I'm considering building a pool in my backyard close to my barn. The location of my pool is just a few metres from the barn. Is it wise to construct the pool next to the barn or should I construct it far away from the barn and animals?


----------



## Ridgetop (Aug 26, 2022)

Do not construct it next to the barn.  The amount of dust the animals raise and the bits of hay etc. that will blow into the pool will be a nightmare.  We had a pool and loved it but anywhere in dusty areas (barn areas) it will get dirty quickly.  Having to do a daily cleaning before you swim is a real mood killer.

Choose another spot that is relatively close to the house so you can watch the pool while kids are in it, even if they are xlt swimmers since even/especially teens can do dumb stunts in a pool.  Ours thought diving into the pool from an overhanging deck would be smart. You want it near the deck or patio nice since the view at night with the pool light on is relaxing for you and your guests.  You also want it close enough to the house to be able to bring out drinks (plastic containers) without feeling like you are trekking through the wilderness with supplies.

Be sure to fence it in case small children wander over and fall in, or animals get out.  A pool is considered an "attractive nuisance".  Plant shrubs around the fencing o the 3 sides not facing your house/patio to make a windbreak (if you have strong breezes) and a dirt/dust break.  Shrubbery will also be attractive and give some privacy.  As long as you plant the shrubs at least 6-8 feet away their leaves will not dirty the pool.  

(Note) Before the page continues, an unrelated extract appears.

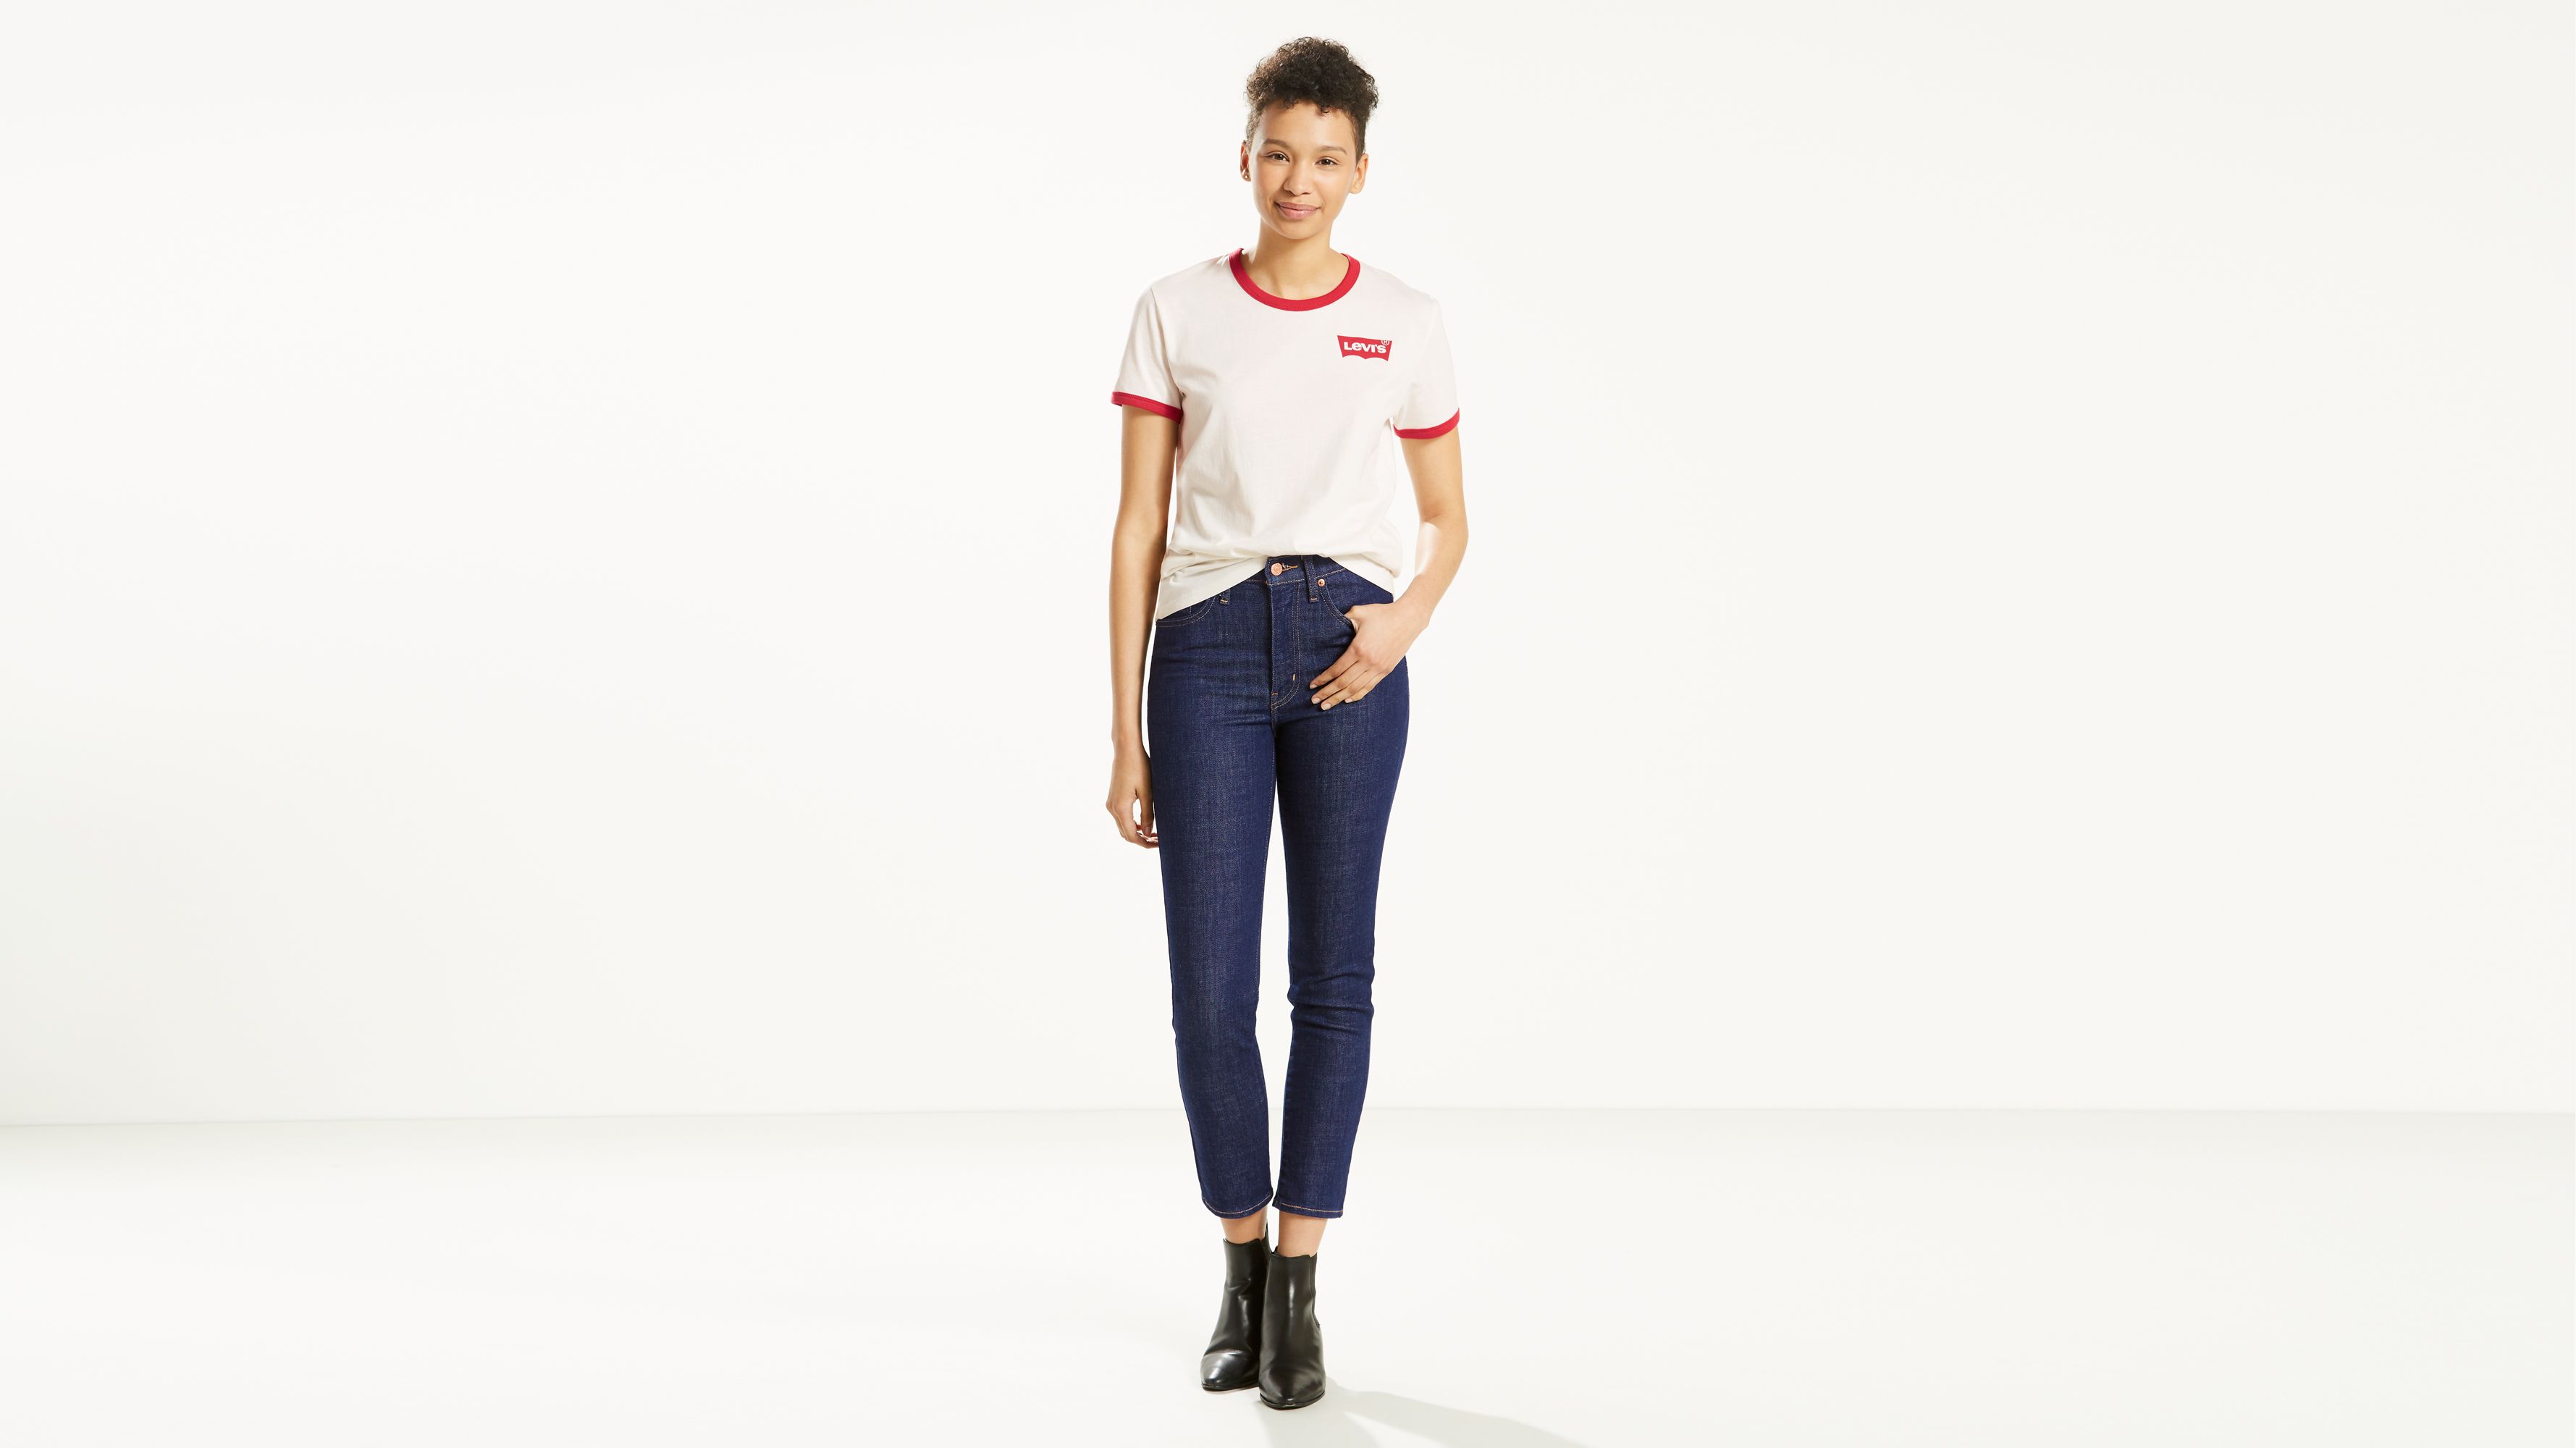 levi's mile high slim cropped jeans
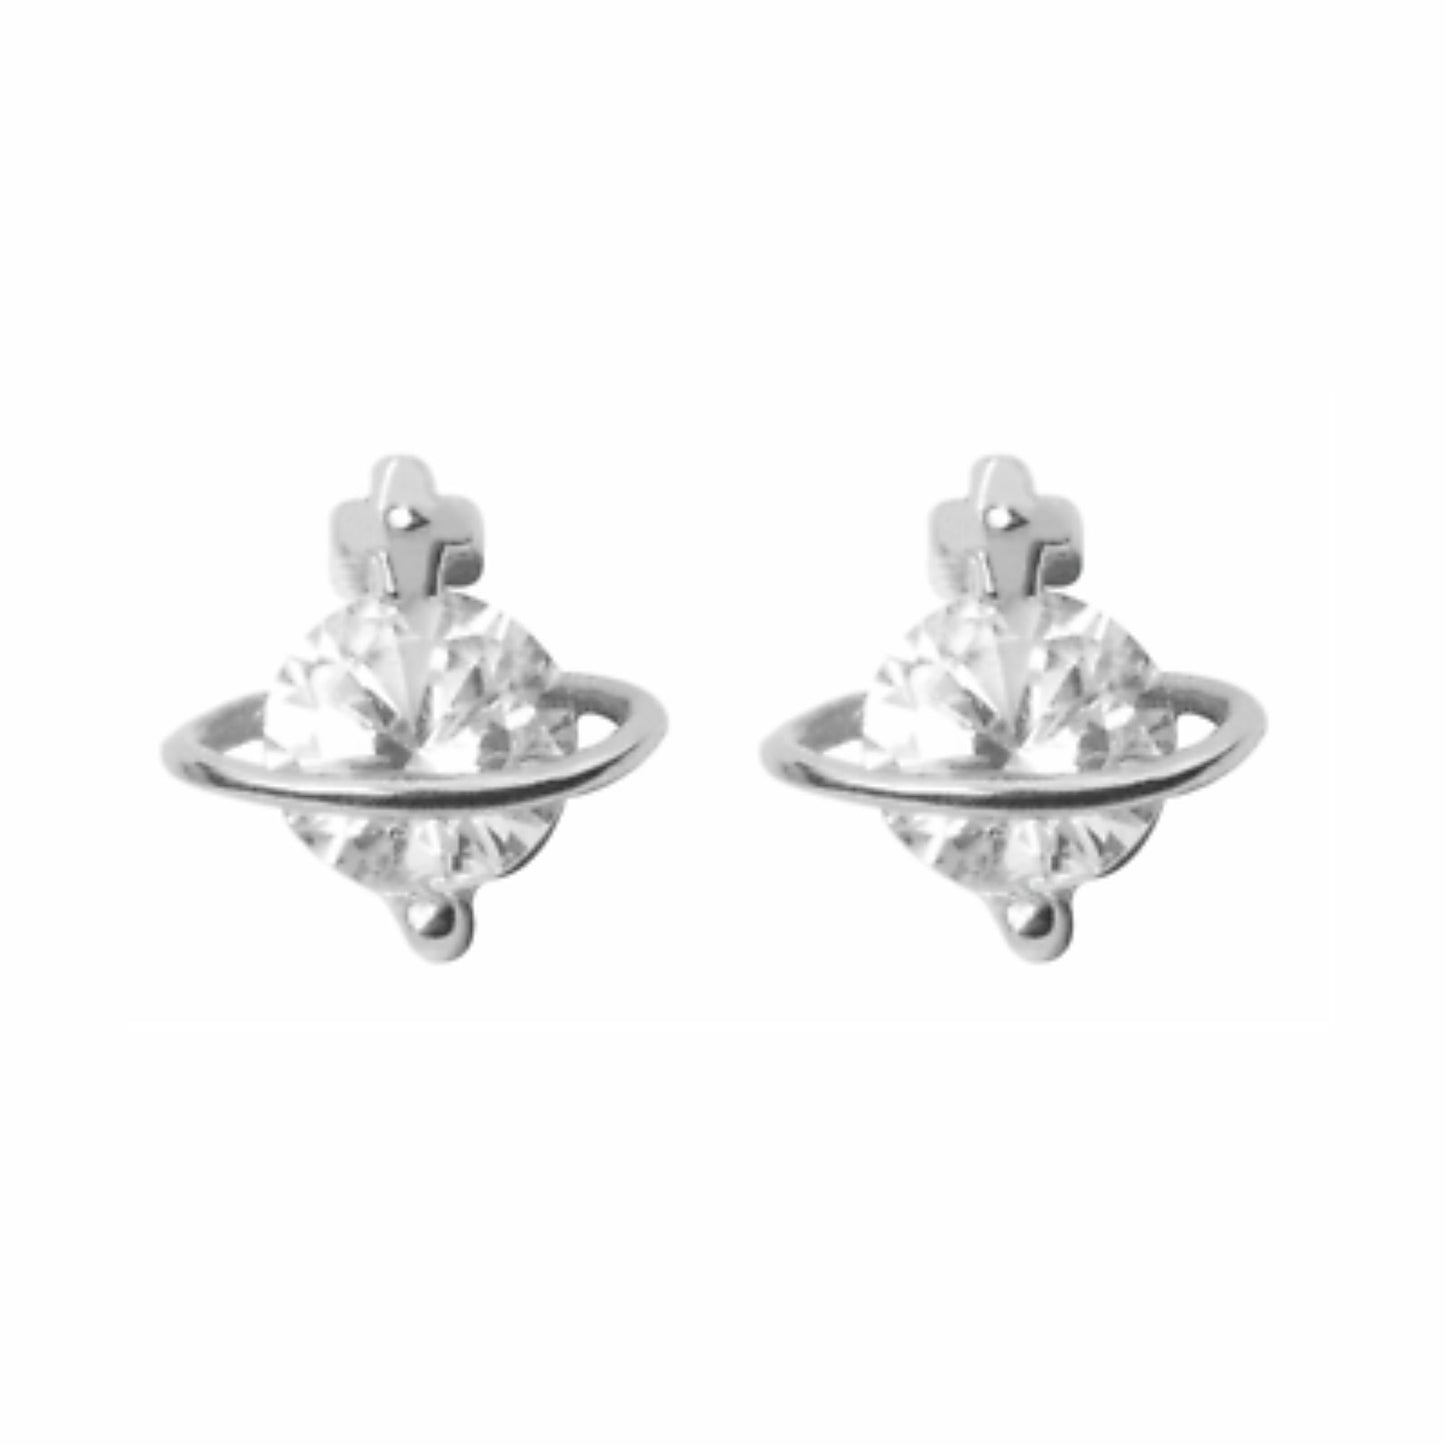 4mm CZ Stud Earrings with 925 Sterling Silver Saturn Space Star Design

Since our family loves to swim, we are also considering putting in a pool in our new place.  After fencing, a carport, a tractor, a well storage tank, etc.  LOL


----------



## GwinnCG11 (Sep 20, 2022)

thank you for the info, i think its better to build the pool away from the barn.


----------



## GwinnCG11 (Sep 20, 2022)

thank you for the info, i think its better to build the pool away from the barn.


----------